Sometimes* when you write a computer program, there are bugs in it. Some of those bugs can be easy to catch (e.g., I forgot to put a semicolon at the end of line 67 and my code won't compile), while others are not. There are different types of bugs, too -- memory errors that cause a segmentation fault, typos that might cause one variable to be updated instead of another, and errors in your algorithm, to name a few. Each of them is uniquely challenging to find and fix.
But when we add an additional layer of complexity to a code by making it run in parallel, the difficulty of finding and fixing bugs goes up by several orders of magnitude. The most insidious of bugs will appear only at high process counts, or irregularly. How then can we find out where our code is going wrong?

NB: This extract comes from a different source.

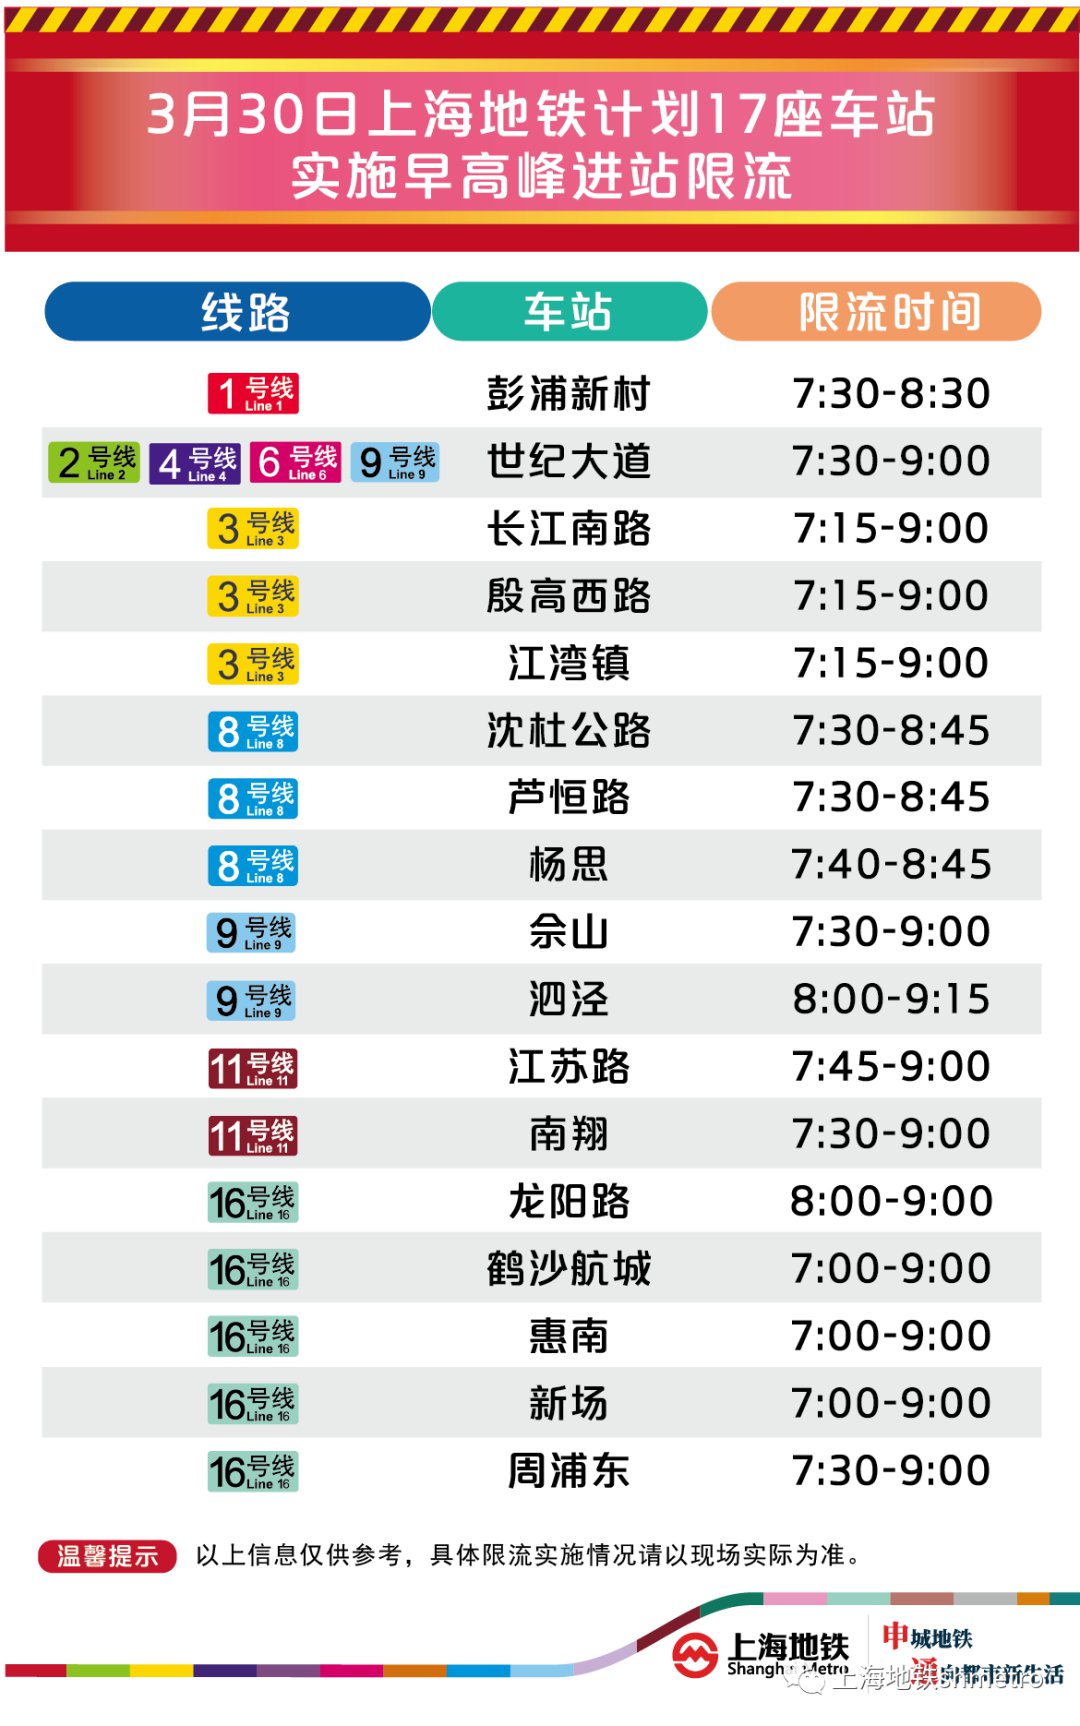 3月30日周一 上海17座地铁站早高峰限流

A classic method of finding bugs is by inserting print statements in the code. Using the print statements and running the code, we can follow a sort of bisection algorithm to determine where things go bad. Typically we insert a few print statements at the first pass, and then further hone down to the point where the error occurs with several subsequent runs. But this is highly time consuming, and produces a lot of excess data. I for one would hate to insert all those print statements in a complicated code, not to mention sift through the output of print statement debugging across 200,000 processes. It can take weeks to find a bug in this way, especially if you have to wait for a batch system to run your jobs.
The best solution is to use a debugger. Using a debugger, you can pinpoint the exact line at which the bug occurs in a single trial (for bugs such as segmentation faults). And you can insert break points around areas of the code you suspect are faulty, and examine the contents of the variables. You can also step through the code slowly and figure out how x came to equal 27 instead of 32 (for example).
Parallel debuggers exist, and do scale up to hundreds of thousands of processes. Of course, these are commercial products but I'm guessing you don't have a 200K-core supercomputer in your basement. Most supercomputing centers have a license for a commercial debugger such as Allinea DDT or TotalView. Both of these are great products that will help you to find your bugs quickly and relatively painlessly. And if you stubbornly insist on not using a commercial product, most mpirun or mpiexec commands allow you to attach your favorite free debugger to your parallel execution.
Do you think it is too hard to learn to use a debugger, that by the time you do learn it you could have already found that bug and moved on to something else? Invest in your future and learn to use a debugger anyhow! Let me tell you the sad, sad story of a graduate student I knew quite well.
This graduate student felt that by the time he/she learned to use a debugger, that final bug sitting between the student and graduation would have been found and fixed. Because, of course, that was the final bug. He/she said this, bug after bug after bug. Looking back, this person realized that by investing a day learning to use a debugger, he/she could have graduated (and started earning for-real money instead of measly graduate student stipends) about six months earlier.
Don't be like that graduate student. Learn to use a debugger and stop wasting your time!
* Actually, pretty much every time you write anything more complicated than "Hello, world!"